Nate Kleinman
Organization: Experimental Farm Network
Location: Elmer, New Jersey USA
Biography
Nate was born in Philadelphia. He graduated Georgetown University’s School of Foreign Service in 2004. He worked in a wide range of jobs, from landscaper to spotlight operator to office manager before realizing he needed to pursue a life of activism. Since then he has mainly worked in politics and organizing, though he quit his last “real job” in 2012 (as an organizer with the Service Employees International Union). He is grateful to be able to consider himself equal parts farmer and organizer today.
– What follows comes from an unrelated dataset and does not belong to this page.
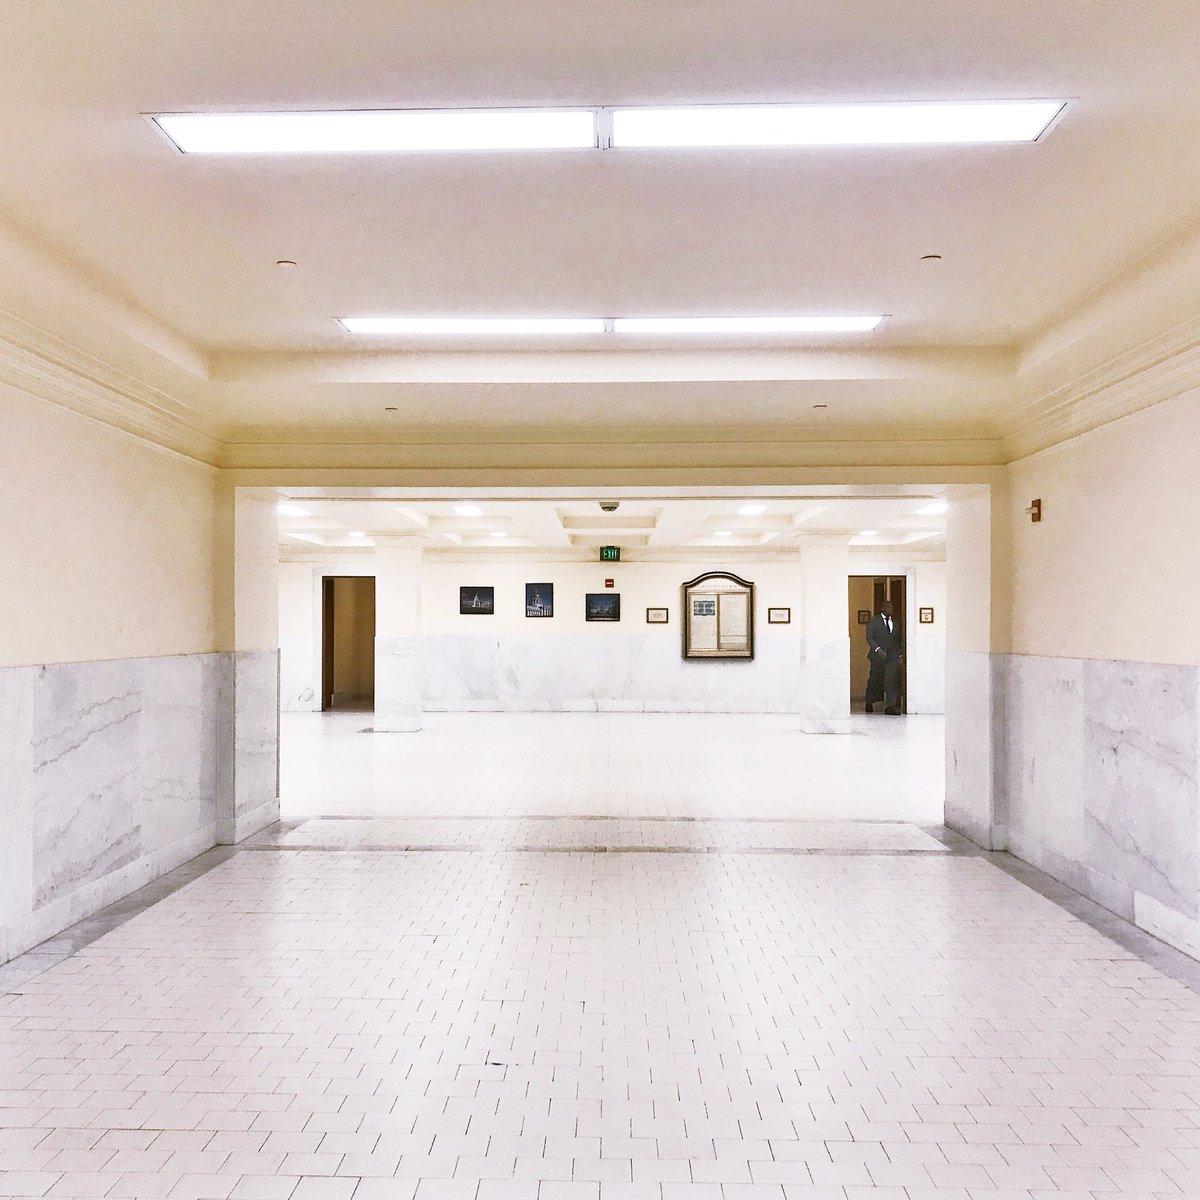 sf city hall sfcity hall twitter

As a volunteer, Nate has been involved in efforts ranging from the Sudan Freedom Walk campaign to Occupy Sandy. He helped found InterOccupy.net, an open communication platform for activists. He ran for U.S. Congress in 2012 and was called “the first Occupy candidate” by Politico. He has served on the Executive Board of the Project for Nuclear Awareness (PNA), the Cumberland County (NJ) Long Term Recovery Group, the Jewish Social Policy Action Network (JSPAN), and GMO Free PA. He started the Baederwood Cultural Heritage Garden Project in 2009, his first experiment with networked seed-saving. He is a member of the Seed Advisory Committee of the Non-GMO Project. As a plant breeder and experimenter, Nate has a broad range of interests, but he is most excited at the moment by sorghum, chestnuts, perennial kale, mayapples (Podophyllum), Crambes, and currants (Ribes). He co-founded the Experimental Farm Network in 2013 to create an open-source platform for facilitating collaboration in plant breeding and other agricultural research on an unpredented scale. The ultimate aim of EFN is to develop new crops and systems for climate change mitigation.